WHAT YOU NEED TO DO:
Write out word for word the lines from the one holding "eMTB Fortgeschritten Fahrtechnik" through the end of the data, and only those lines. Pictures stay out.
BEGIN
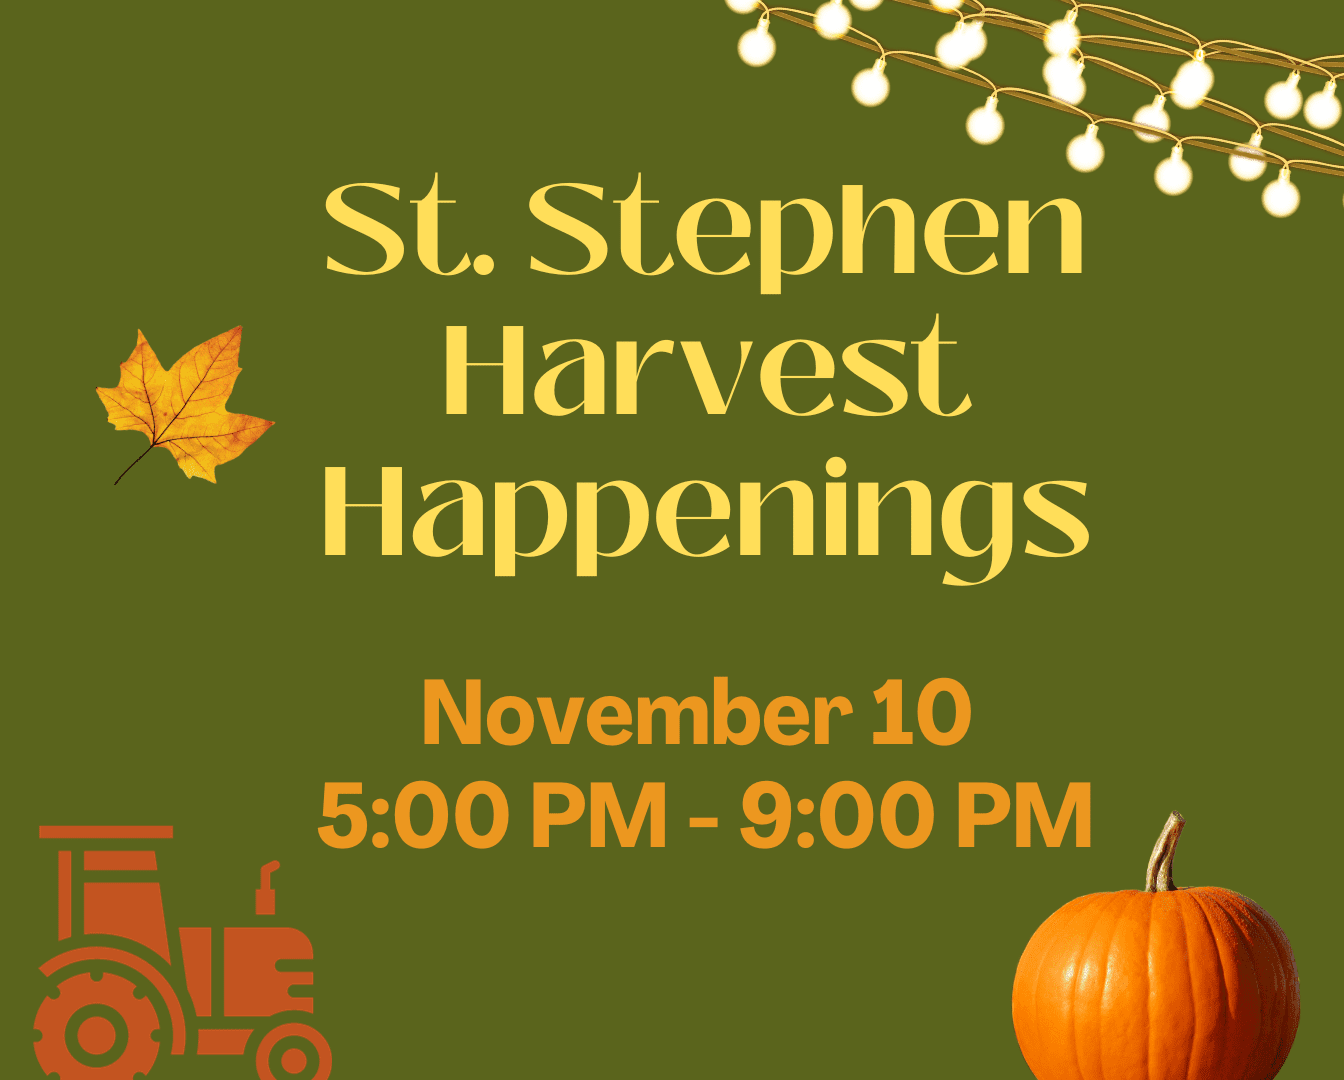 Harvest Happenings at St. Stephen
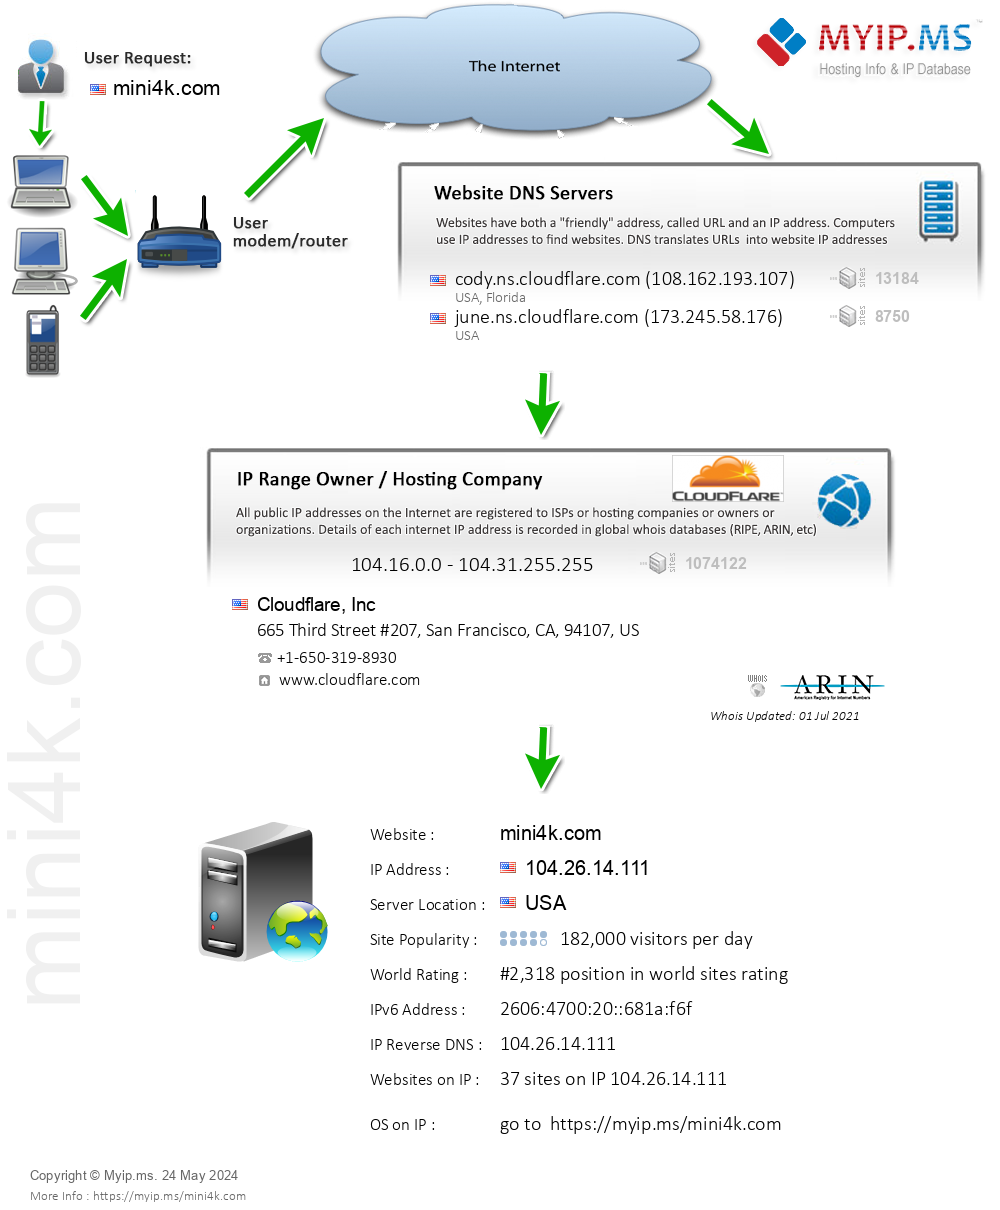 Mini4k.com - Website Hosting Visual IP Diagram
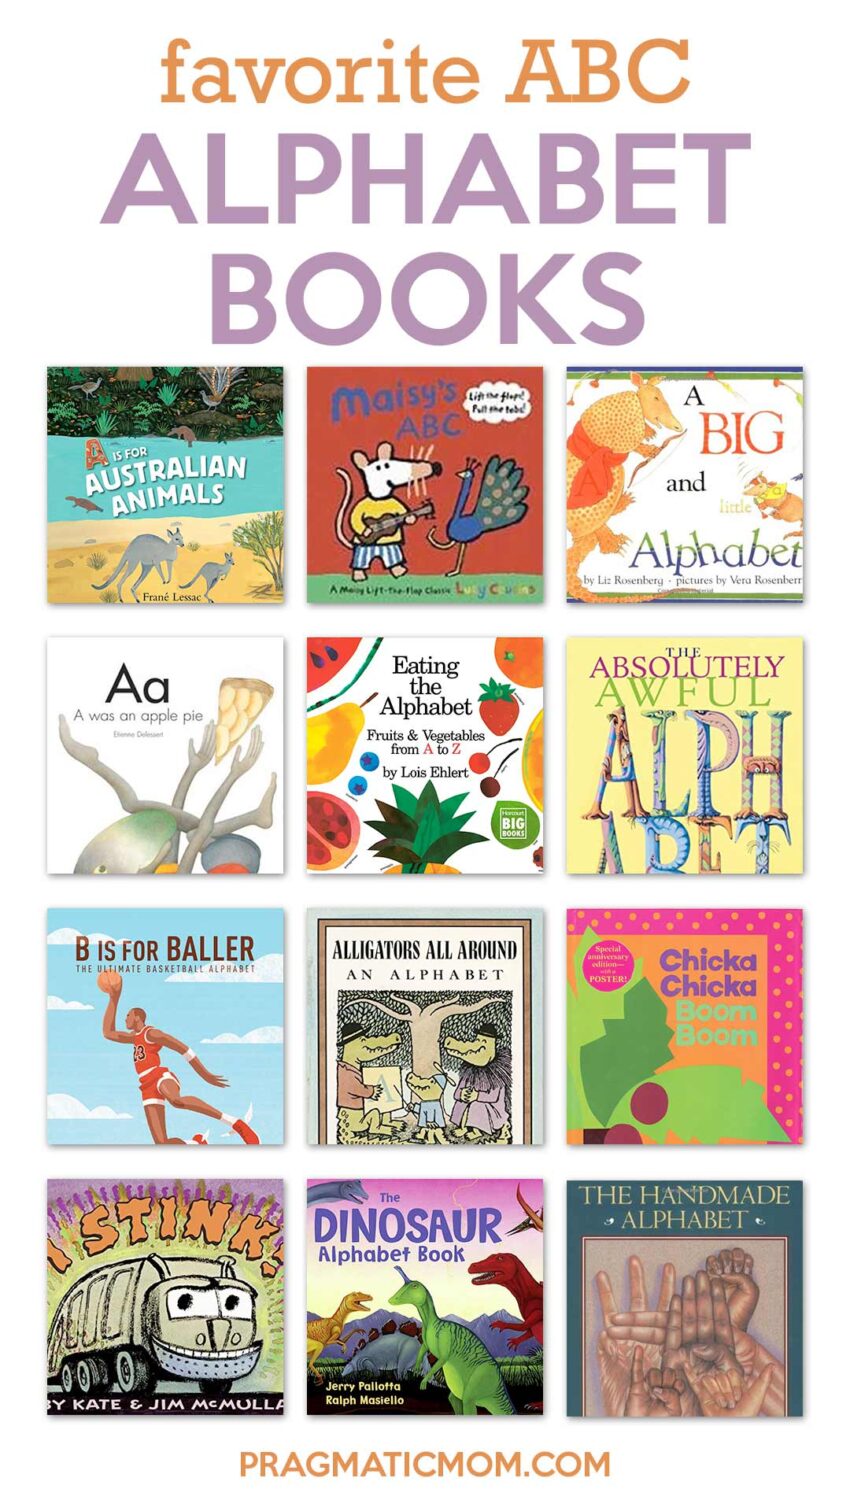 Our Favorite ABC Alphabet Books for Kids
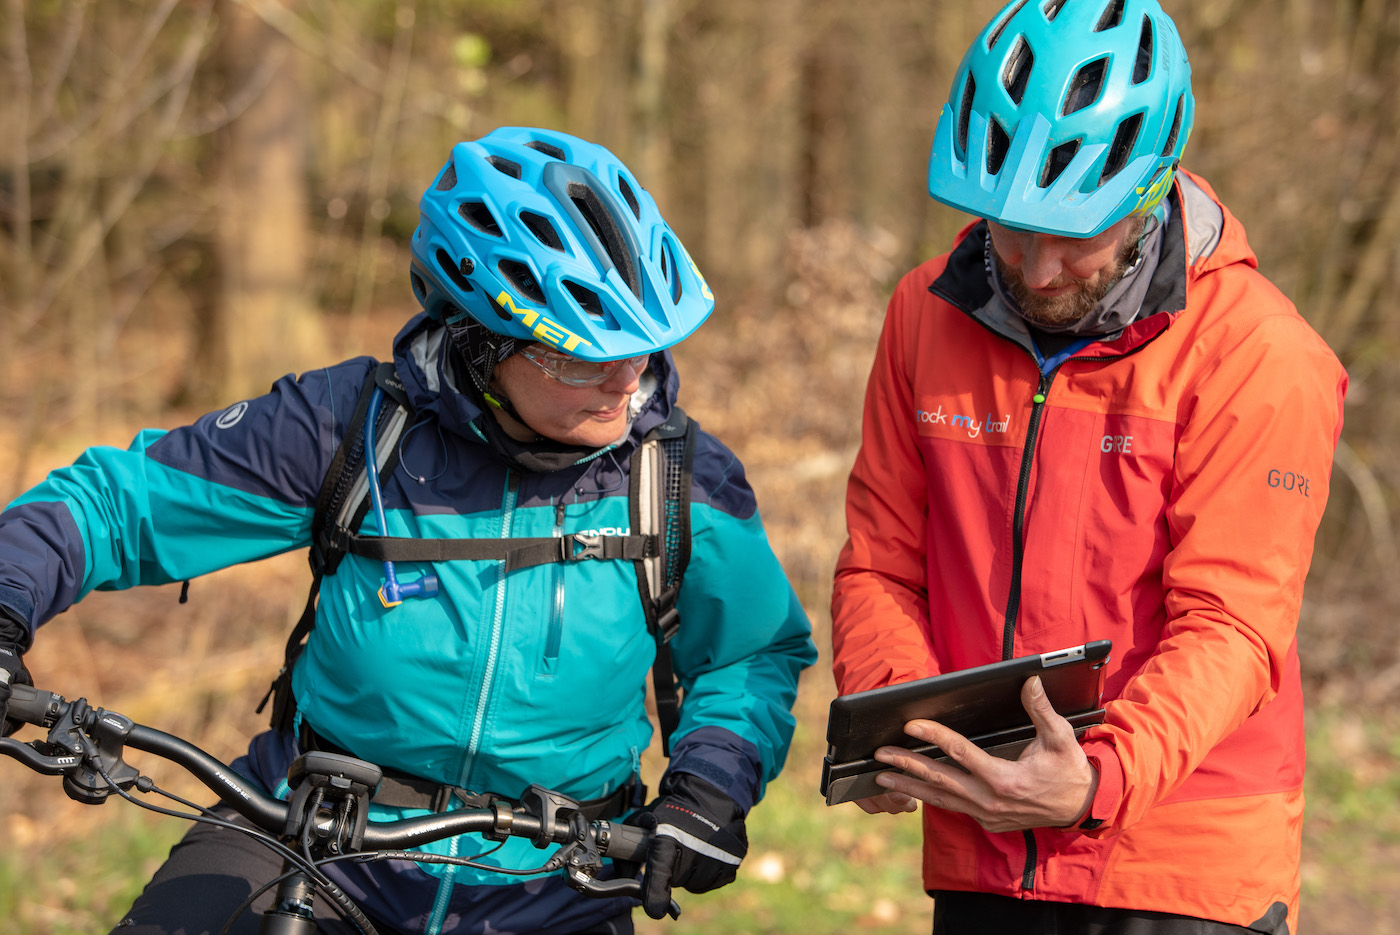 eMTB Fortgeschritten Fahrtechnik Kurs in Winterberg - Trailpark Sauerland eBike- Rock my Trail Bikeschule
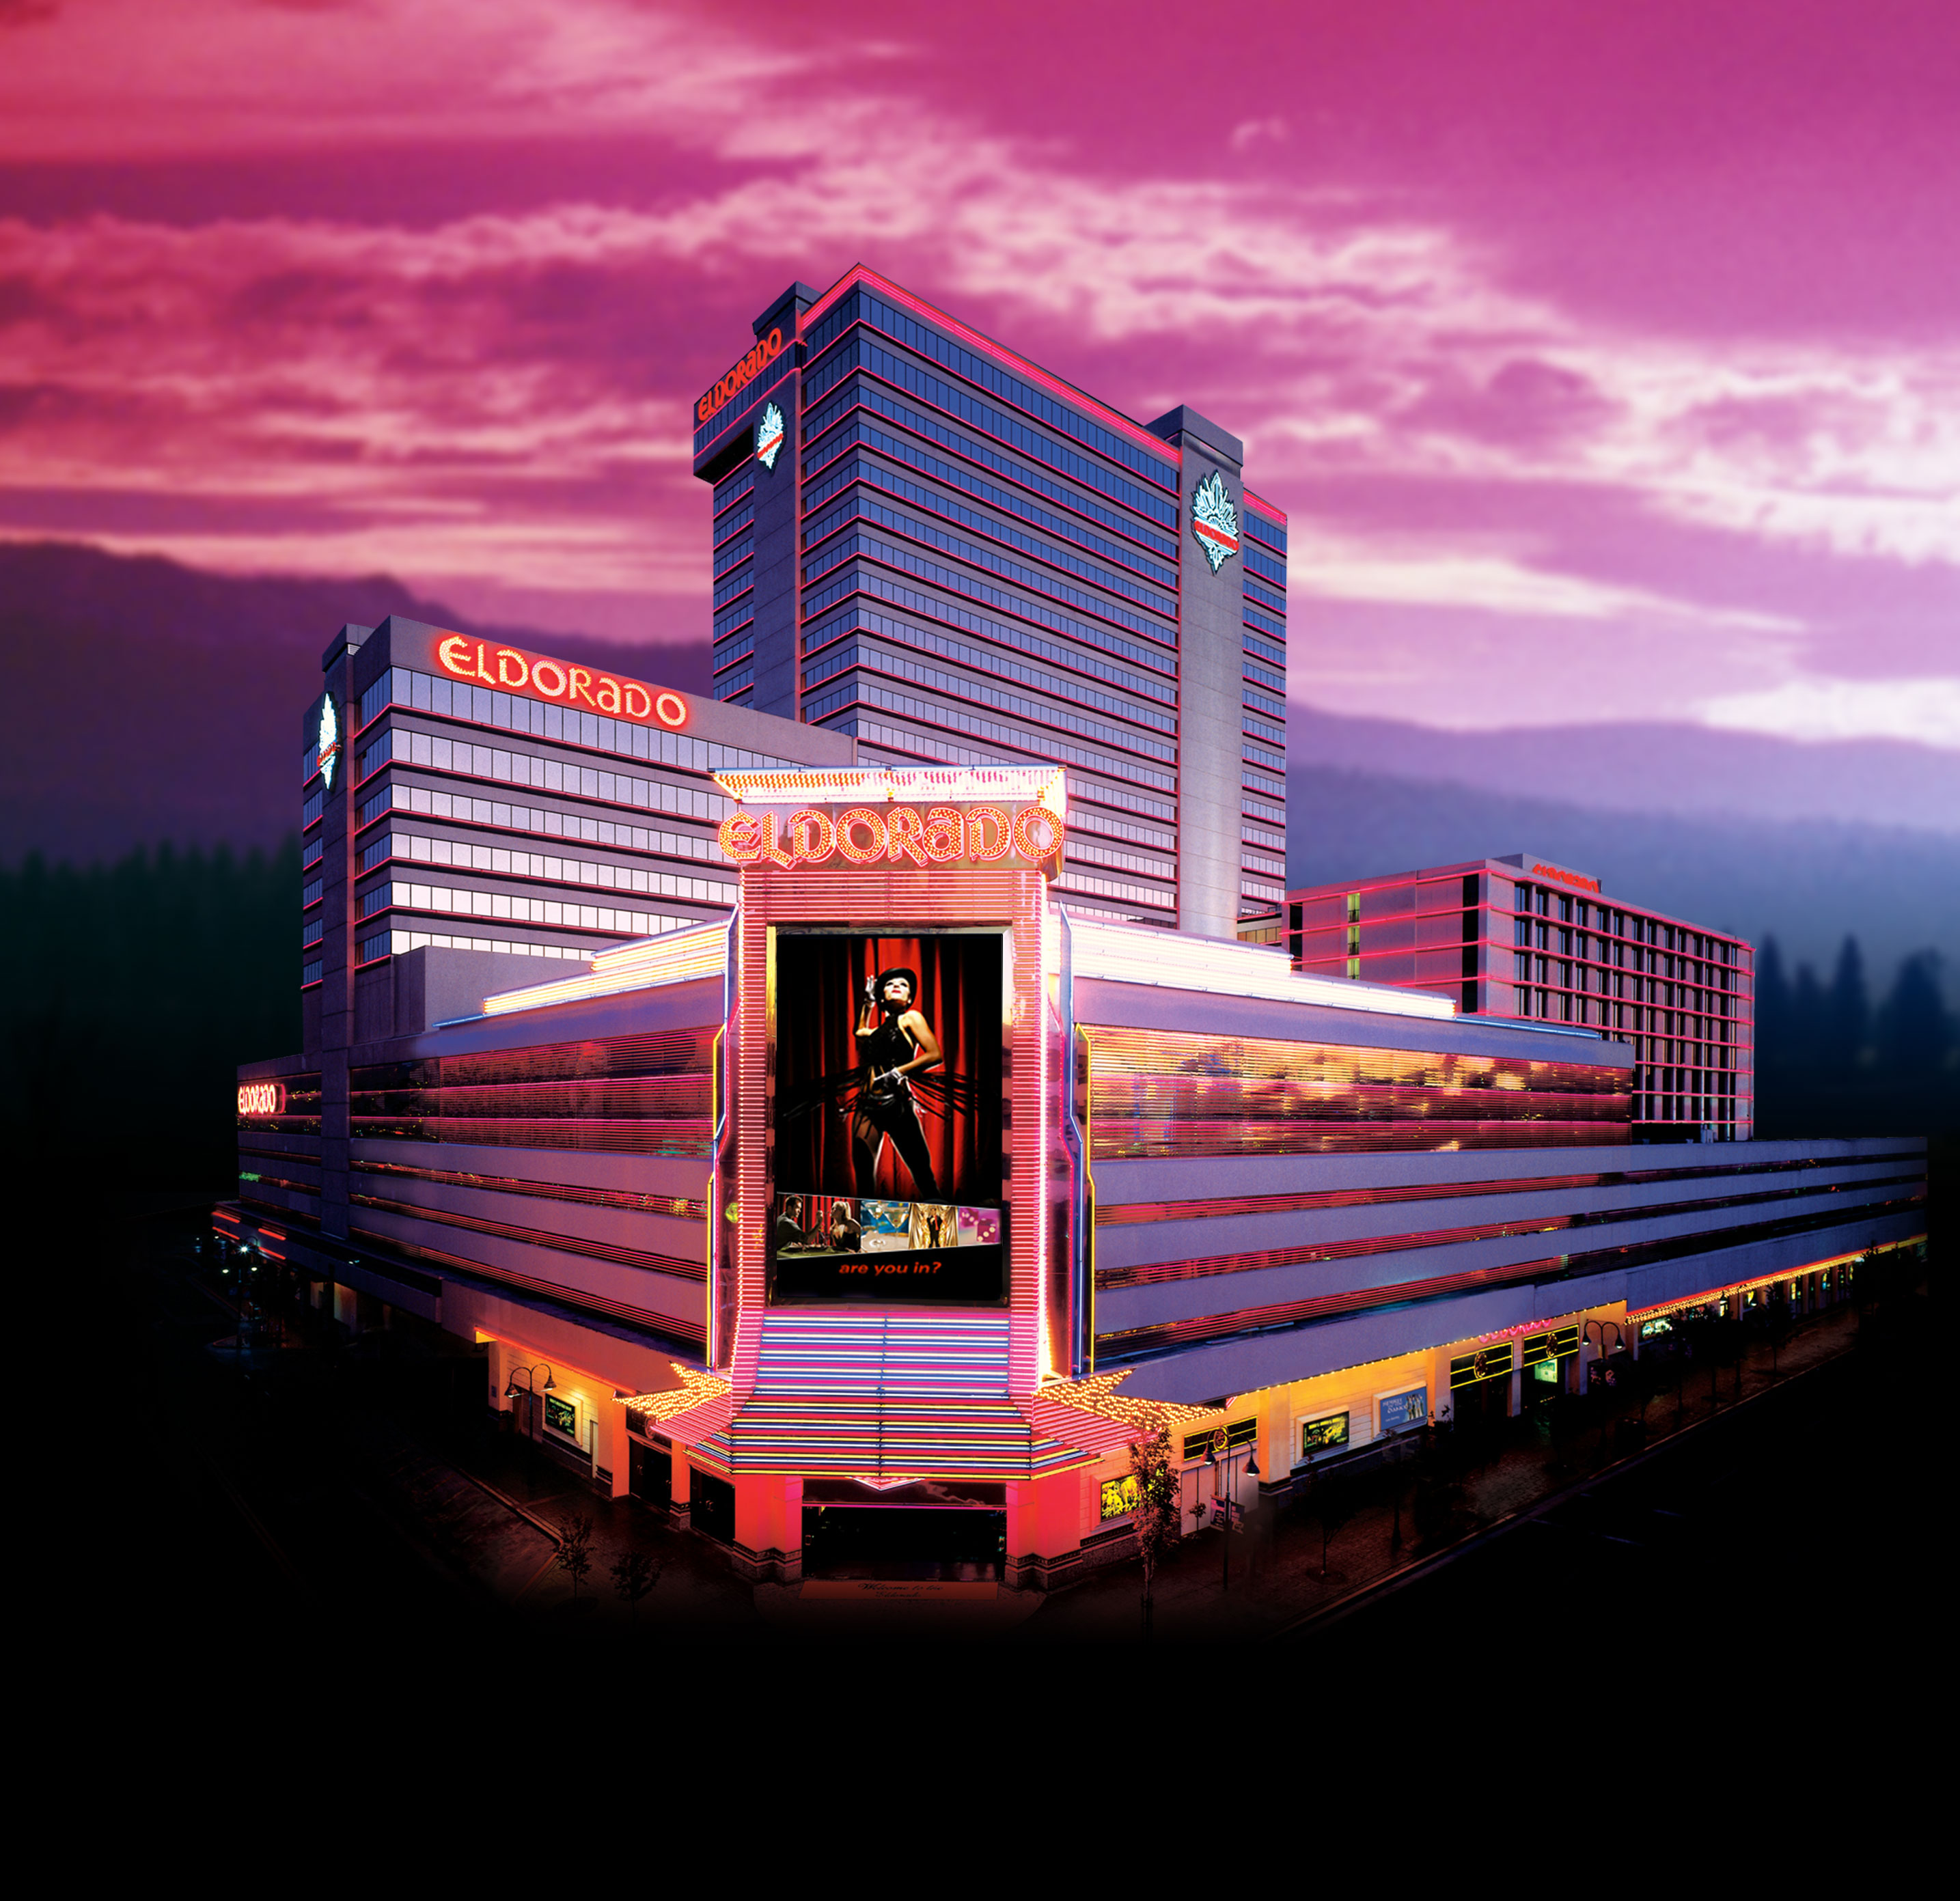 Eldorado and Silver Legacy Hotel Casinos Use NEC’s Hospitality
END
WRITTEN RESPONSE:
 eMTB Fortgeschritten Fahrtechnik Kurs in Winterberg - Trailpark Sauerland eBike- Rock my Trail Bikeschule
 Eldorado and Silver Legacy Hotel Casinos Use NEC’s Hospitality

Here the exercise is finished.